On Tuesday, the day I wrote that comment, I had lunch at Milos (love their lunch special) with Frederic Lecoq, who worked with me at PSP Investments and now trades these schizoid markets, and Martin Roberge, chief strategist at Canaccord Genuity.
These are my two favorite guys to talk markets with. Fred has become an incredible trader (but has to learn to cut his losses faster and buy those big biotech dips!!) and Martin is one of the best under the radar strategists in North America.
In fact, I would tell all my institutional readers to ask Martin Roberge to visit your offices and go over our lunch at Milos where he discussed the equity risk premium and why real rates in emerging markets remain too high relative to the developed world.
According to Martin, the Fed can't risk raising rates this year because it will send the U.S. dollar index (DXY) higher and risk another emerging market crisis as real rates there are too high relative to the developed world. He also stated that an equity risk premium below 3% will send global asset allocators scurrying into bonds (TLT).
But Martin also told us the next quarters of global growth will be stronger than anticipated and there could be another rally in cyclicals as the level of cyclicals relative to non-cyclicals is back to 2001 levels after the tech crash. "This would be the last leg up before a bear market develops."

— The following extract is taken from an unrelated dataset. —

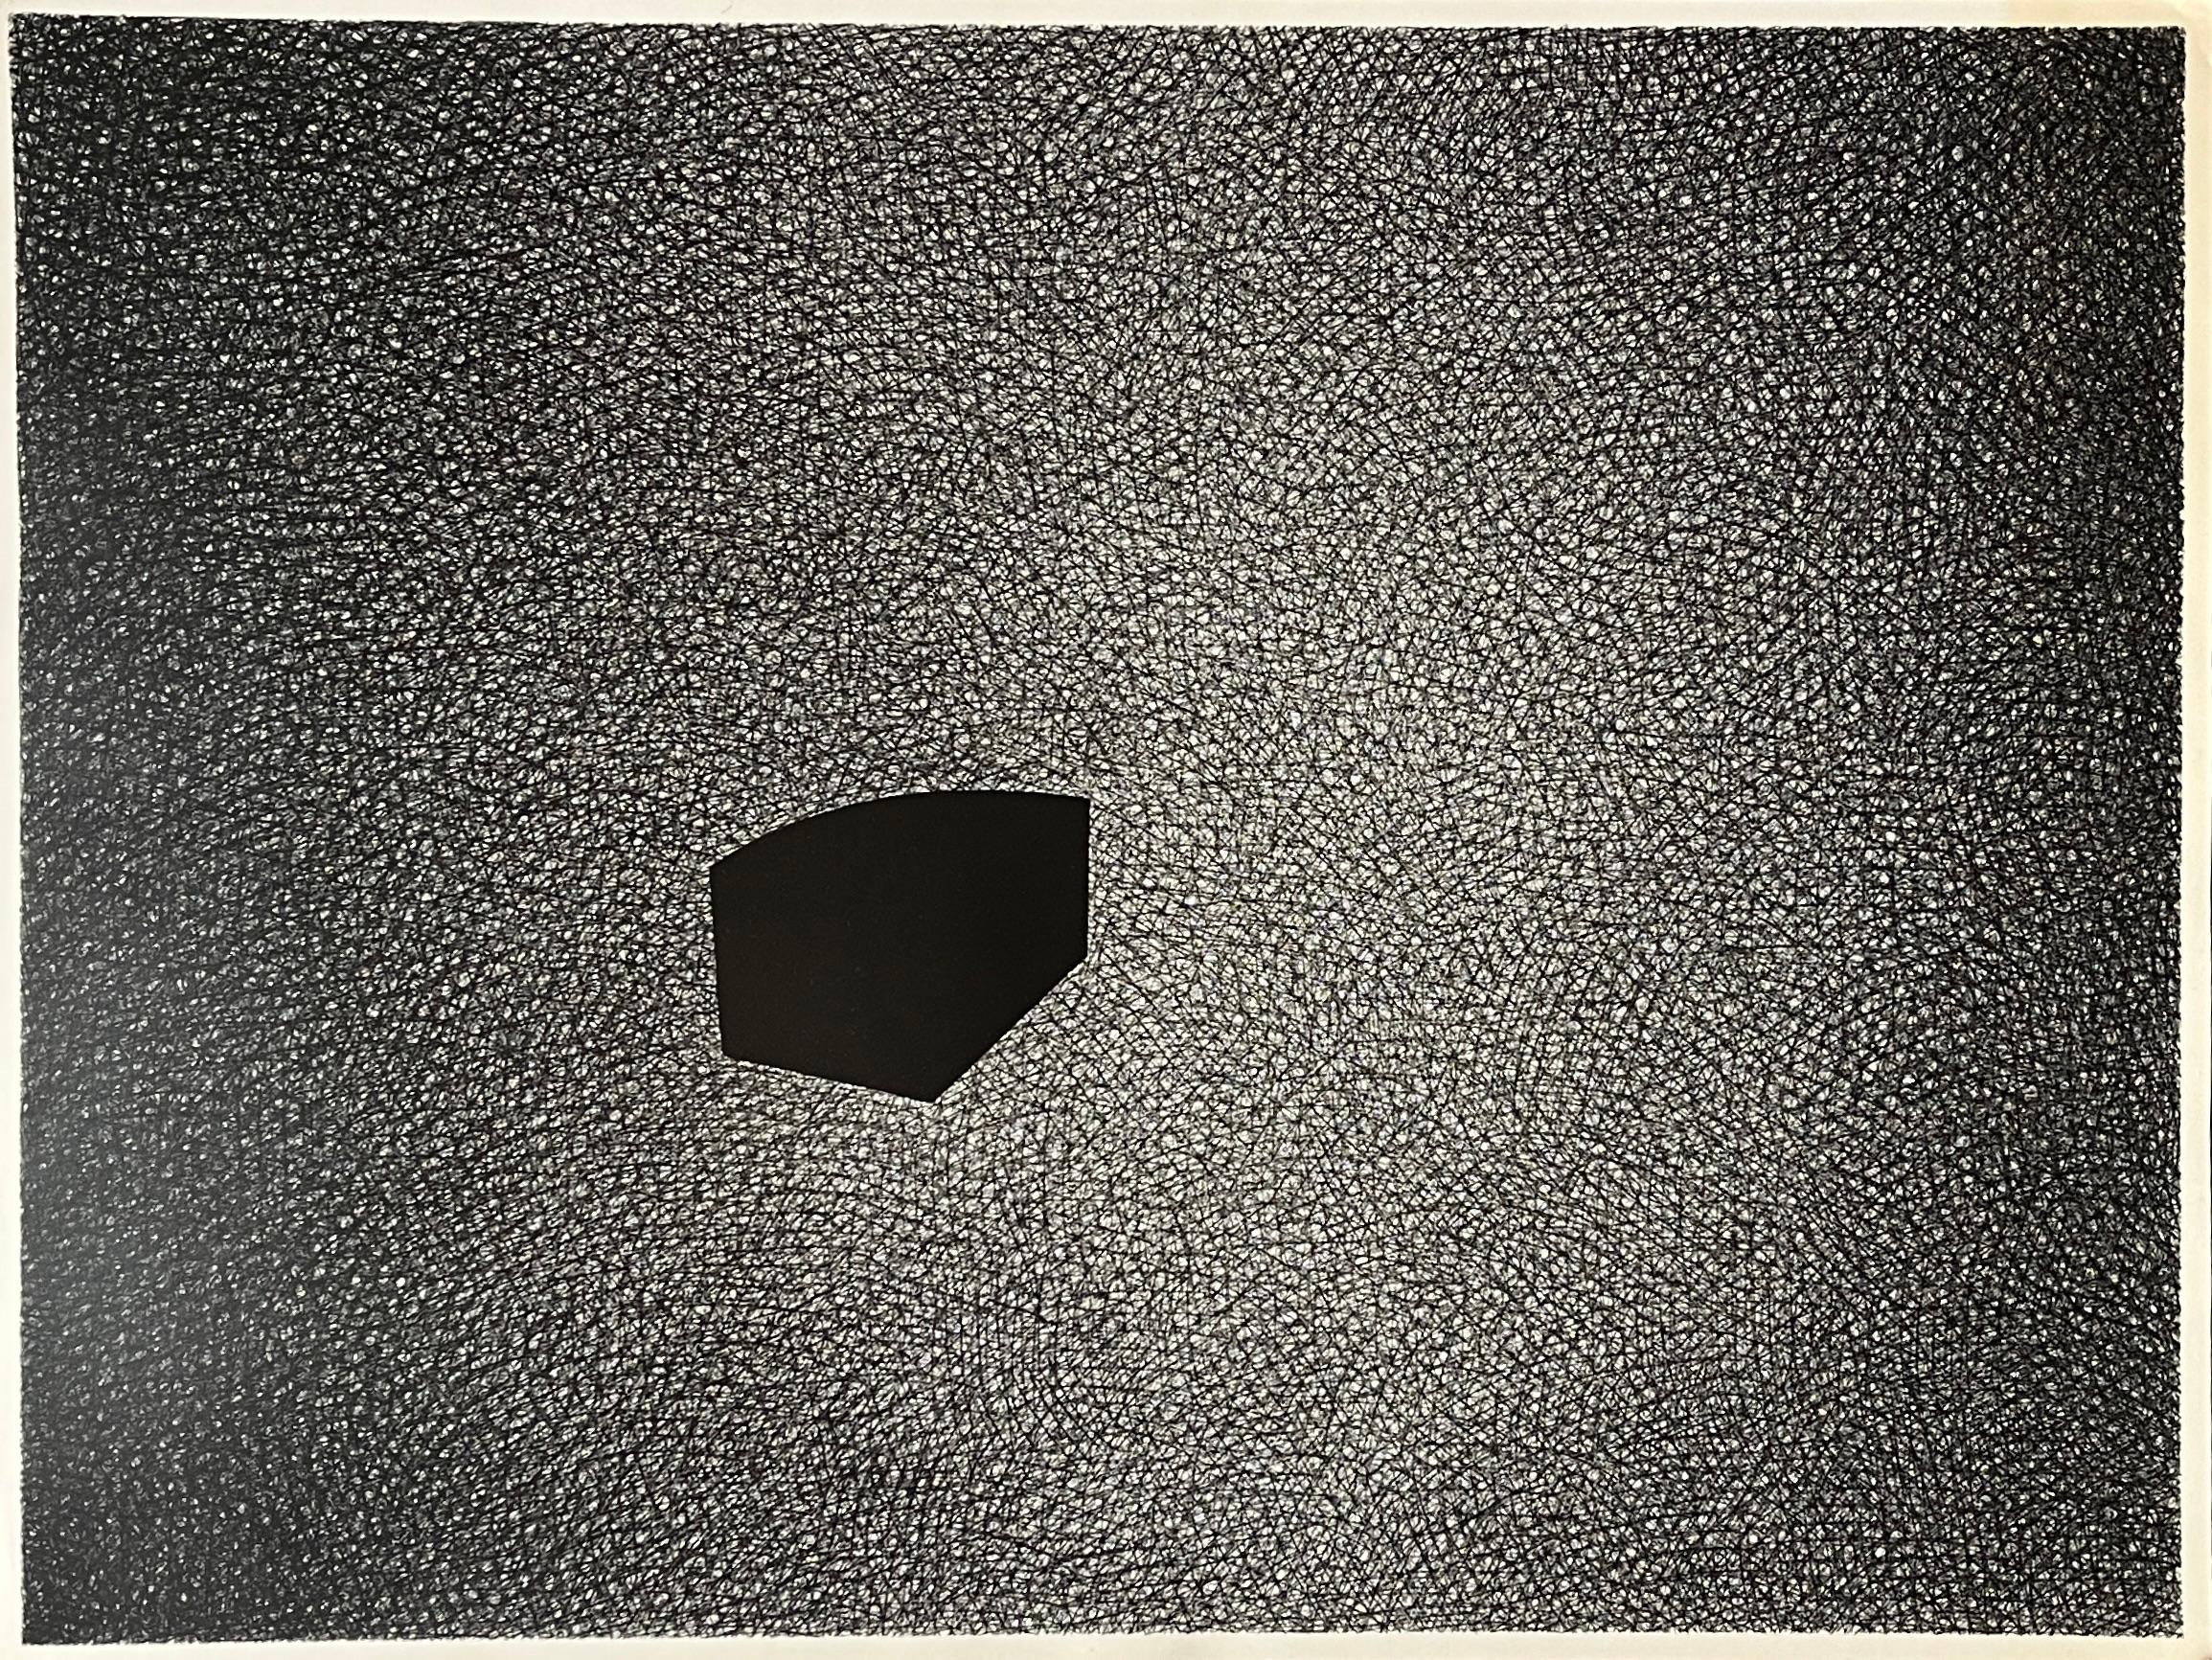 Jack Scott Abstract Drawing - 1980s "#15" Cross Hatch Abstract Charcoal Drawing Minimalist Modern Art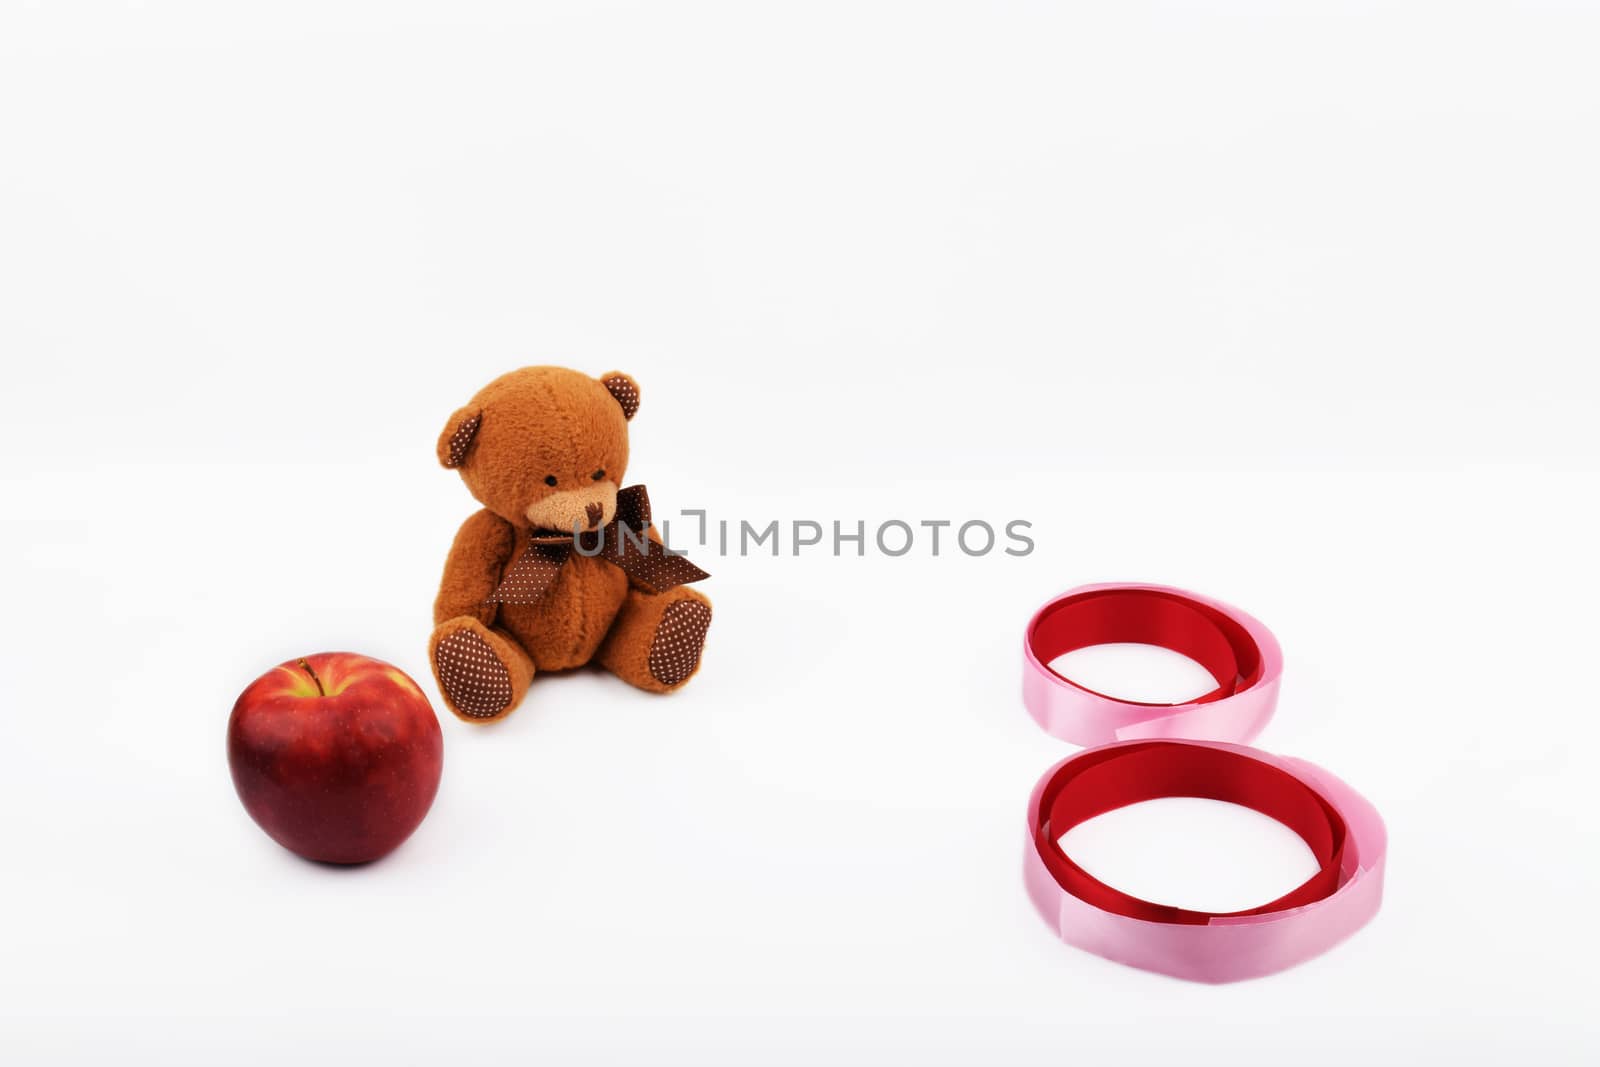 Mock up objects on the white background, topic - International Women's Day. Front view

If Martin is right, expect to see nice countertrend rallies in Chinese (FXI), emerging markets (EEM), energy (XLE), commodities (GSG), metals and mining (XME), and gold (GLD) shares in the next few months. I remain skeptical for now and keep steering clear of these sectors in favor of tech (QQQ) and biotech (IBB and XBI).
Still, I value Martin Roberge's work a lot and recommend you all start reading his research and meeting him to gain important insights other strategists don't have (his email is MRoberge@canaccordgenuity.com). He's also an amazing individual who once told me something I never forgot: "They can take away your job and title but they can never take away what you have between your ears."
Below, Mohamed El-Erian said Thursday he believes China can engineer a soft landing to its recent stock market woes, but the country's economic slowdown is raising a multitude of issues.
And Bridgewater's Ray Dalio discusses how the economic machine works. Smart man with a great mind and obsessive passion for markets. His life story from bedroom to billionaire is a true testament to his grit and unequivocal desire to always better himself and his fund.
On that note, I ask all my institutional readers to kindly subscribe to my blog on the top right-hand side. Also, a final word for Ray Dalio, the world's most powerful hedge fund manager. My track record is nowhere near as impressive as yours but it's improving every day. I'm very proud of my blog, my trading and my life given the serious health and personal challenges I dealt with and still deal with every day.
The next time you're in Montreal, I'd love to get together with you and tell you all about my track record and the personal struggles that have made me a much better thinker, trader and person. Till then, I wish you the best of luck managing that well-known behemoth called Bridgewater Associates.